A day after the release of the 2019 Longlist for Nonfiction, The National Book Foundation has announced the Longlist for the 2019 Book Award for Fiction and it’s full of rich titles. Just as nonfiction has the power to turn truth into stunning narratives, great fiction combines fabrication with reality to enthralling effect.

The list includes a range of genres, but a resounding similarity between them are the raw and realistic depictions of the human experience. Check out the synopsis of the novels (and a few Paste reviews) to find some future favorites or see if there are any books you’re rooting for.

The National Book Award Finalists will be announced on Oct. 8.

The 2019 National Book Awards Longlist for Fiction

Taffy Brodesser-Akner, Fleishman Is in Trouble
In her debut novel, Brodesser-Akner addresses male privilege and the struggle of divorce. Fleishman Is in Trouble throws a father into taking full responsibility for his children after his wife leaves him, and he’s forced to reconsider what it means to be a father and a parent.

Susan Choi, Trust Exercise
This coming-of-age novel by Choi is set in 1980’s suburbia and centers on two students at a performing arts high school who fall in love. The writing of Trust Exercise makes this straightforward plot extraordinary as the reader must question the difference between fact and fiction.

Kali Fajardo-Anstine, Sabrina & Corina: Stories
Fajardo-Anstine creates a poignant study of Latinas of indigenous descent through this debut collection of short stories. Sabrina & Corina: Stories is rooted in one place, Denver, yet it explores a variety of themes such as ancestry, incarceration, illness, gentrification and domestic violence with a compassionate hand.

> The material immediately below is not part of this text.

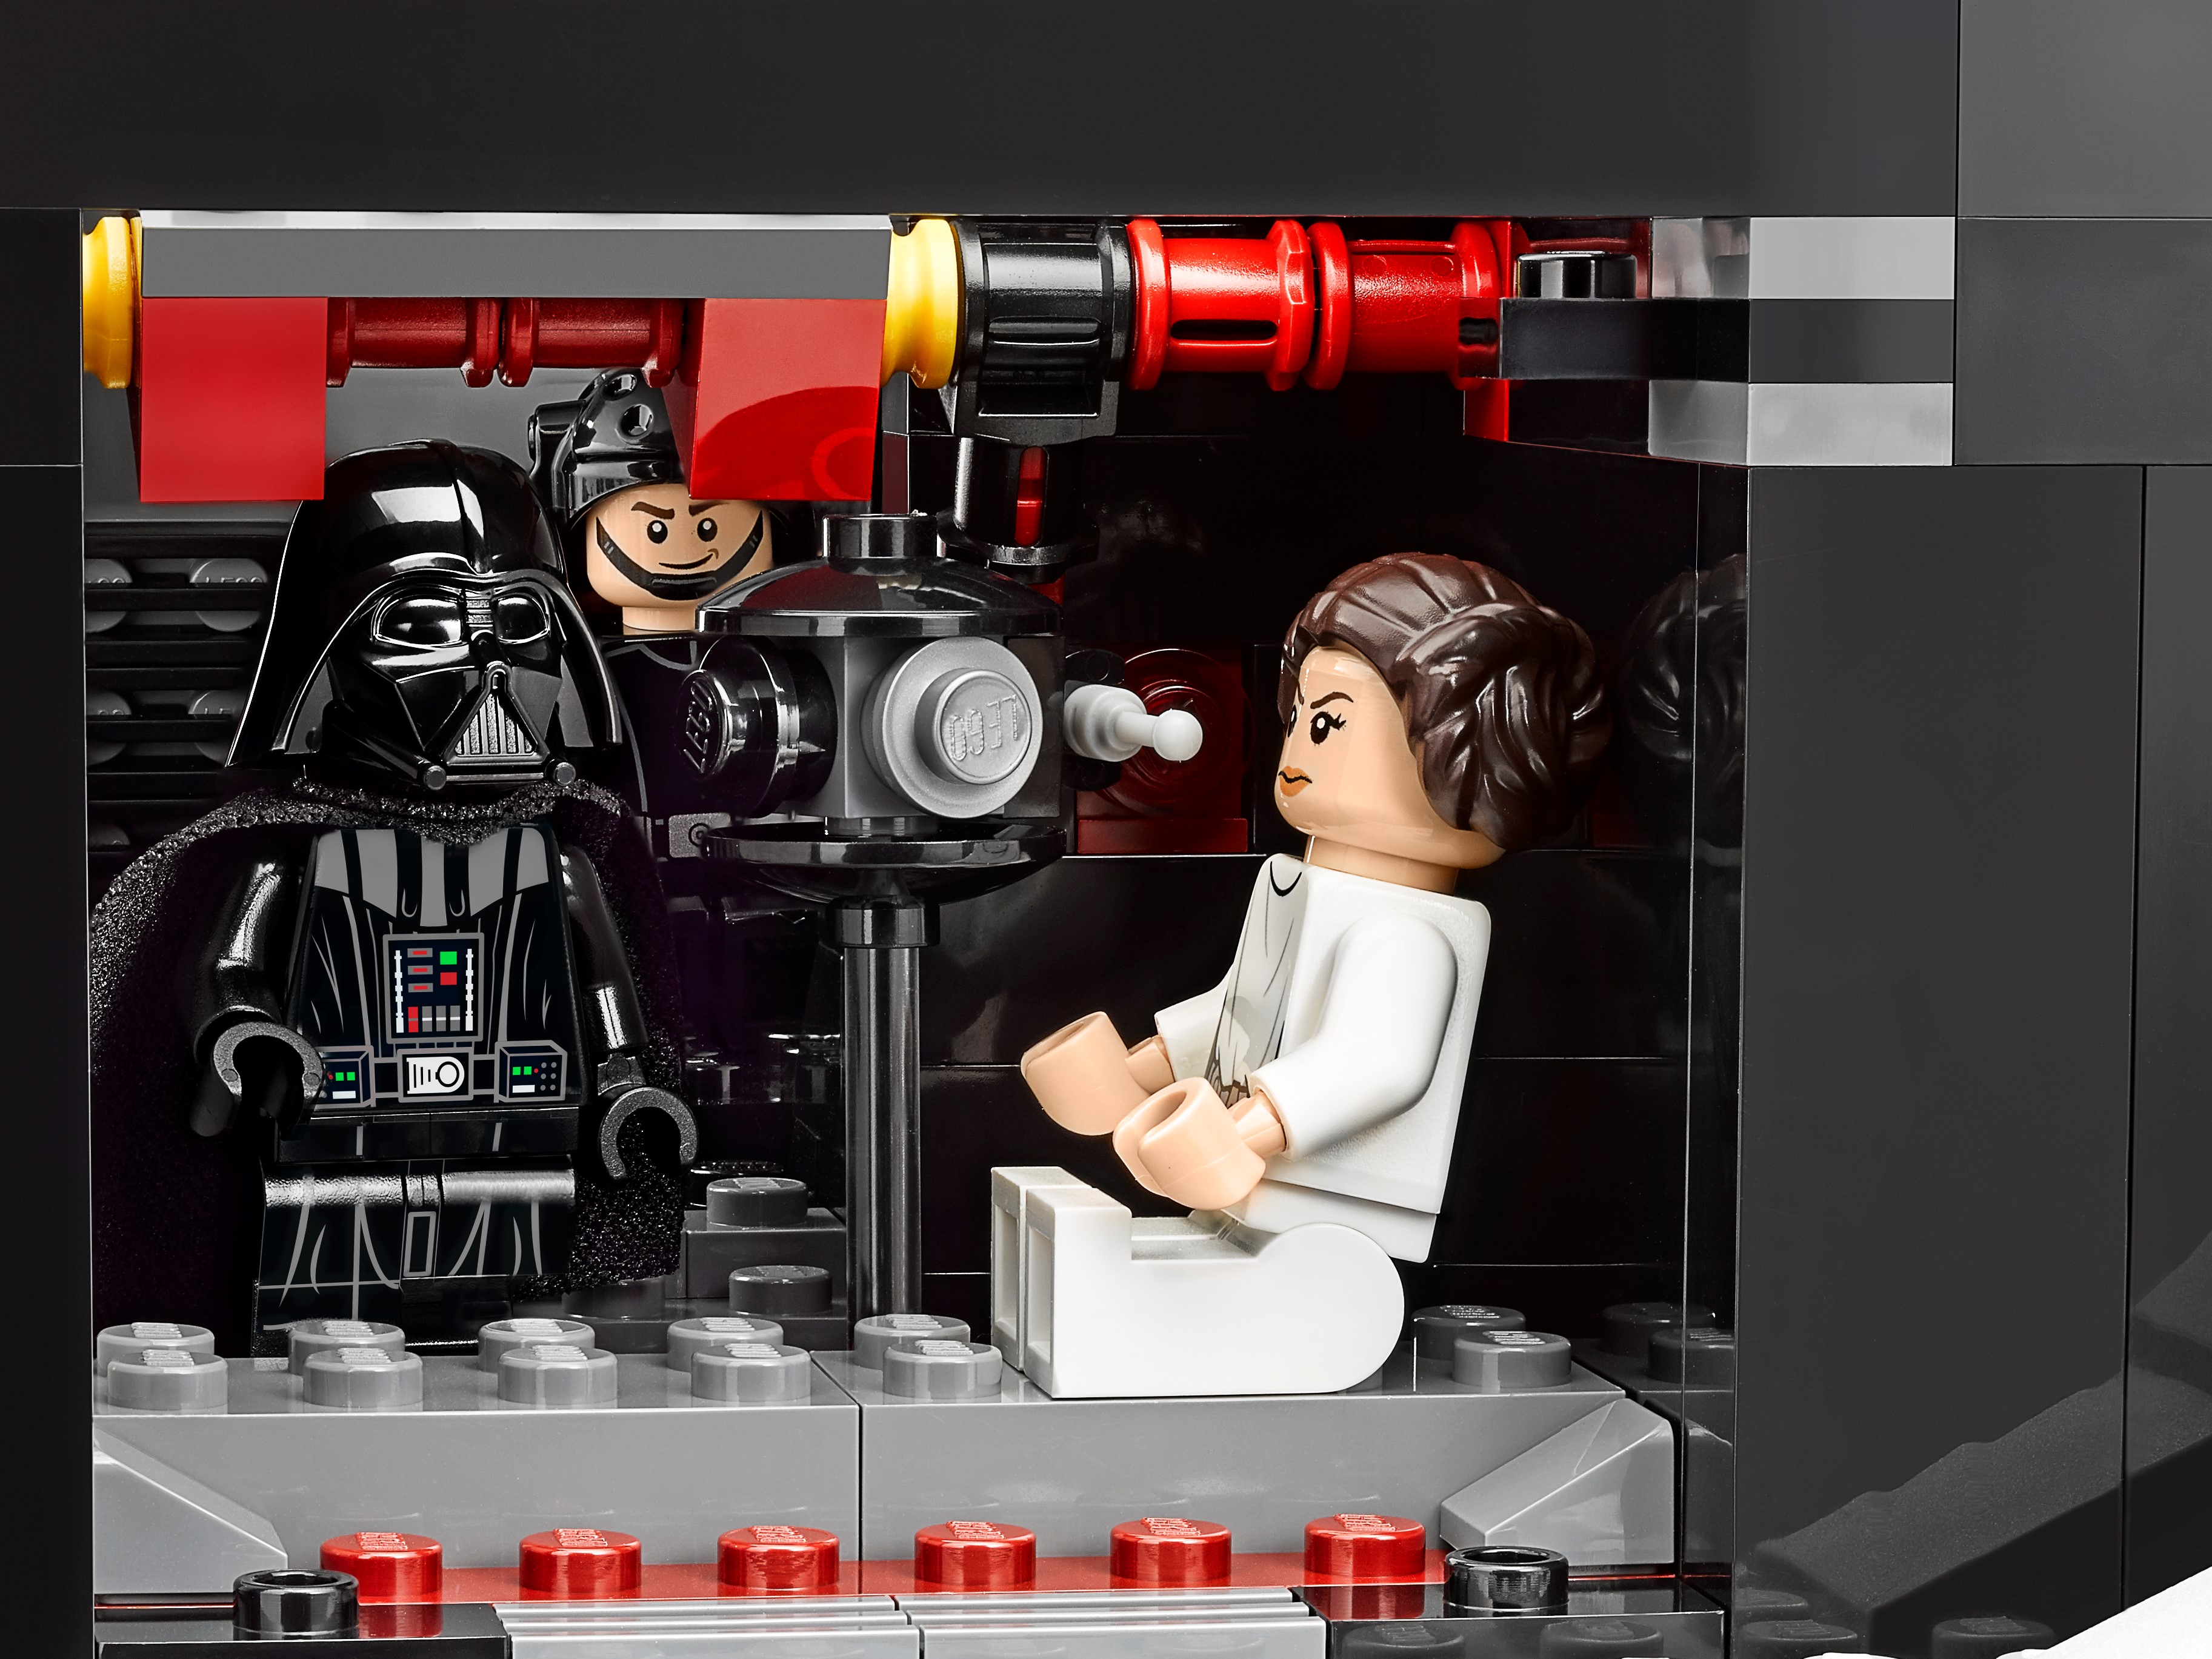 Lego Star Wars Death Star Han Solo Minifigure 75159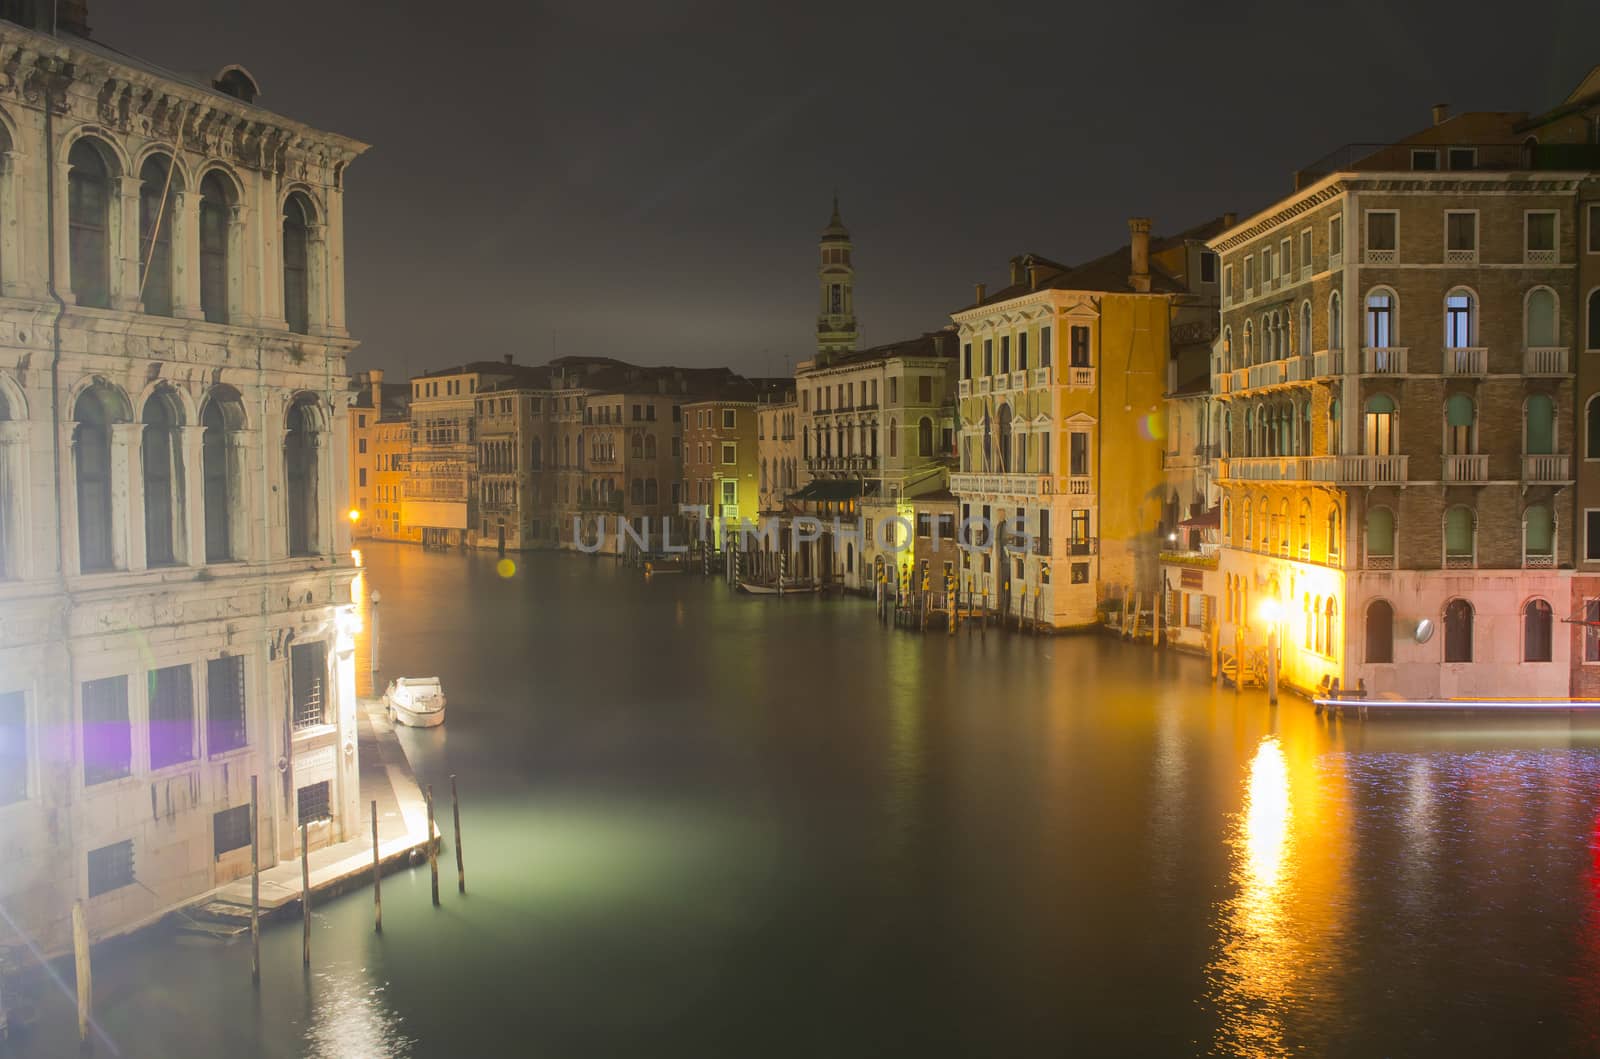 Venice, Night Reflection

Marlon James, Black Leopard, Red Wolf
Man Booker Prize winner James weaves African mythology into this fiercely original epic about a lost boy and the fantastical characters bent on finding him. Black Leopard, Red Wolf is the first installment in what is set to be a compelling trilogy.

Laila Lalami, The Other Americans
Lalami’s The Other Americans shifts between perspectives in this story set in a small Southern California town threatening to explode with tension. The Other Americans starts out with the murder of a Moroccan immigrant that leaves witnesses and survivors in shock, and divisions between people’s cultural identities and personal beliefs become glaringly clear.

Kimberly King Parsons, Black Light: Stories
Parsons illuminates the gritty side of Texas with these short stories that reckon with drugs, motels, sexuality and self-harm. From dark subjects and places, a sense of hope and yearning grows and proves Black Light: Stories has an emotional scope as expansive as the state in which it’s based.

Helen Phillips, The Need
The Need, the fifth book by Helen Phillips, features a paleobotanist who makes discoveries in both her work and her home, where a disturbing intruder confronts her. The subsequent events lead her to question reality and motherhood in this genre-bending drama.

Julia Phillips, Disappearing Earth
Julia Phillips, a Fullbright fellow, brings forth powerful questions of class, gender and ethnicity in Disappearing Earth, which is about two sisters who vanished from a remote Russian city.

Ocean Vuong, On Earth We’re Briefly Gorgeous
Renowned poet Vuong creates a patchwork of a life with this epistolary novel in which a son attempts to reveal his life secrets to his mother, who cannot read. Like in his critically acclaimed poetry collection Night Sky with Exit Wounds, Vuong’s Vietnamese background serves as the contemplative landscape for On Earth We’re Briefly Gorgeous.

Colson Whitehead, The Nickel Boys
2016 National Book Award Winner Whitehead’s newest work of fiction, The Nickel Boys is based on the true story of a diabolical reform school in Florida that traumatized generations of students over its 111-year history. Two teens trapped in this vicious environment struggle to preserve their idealism and lives.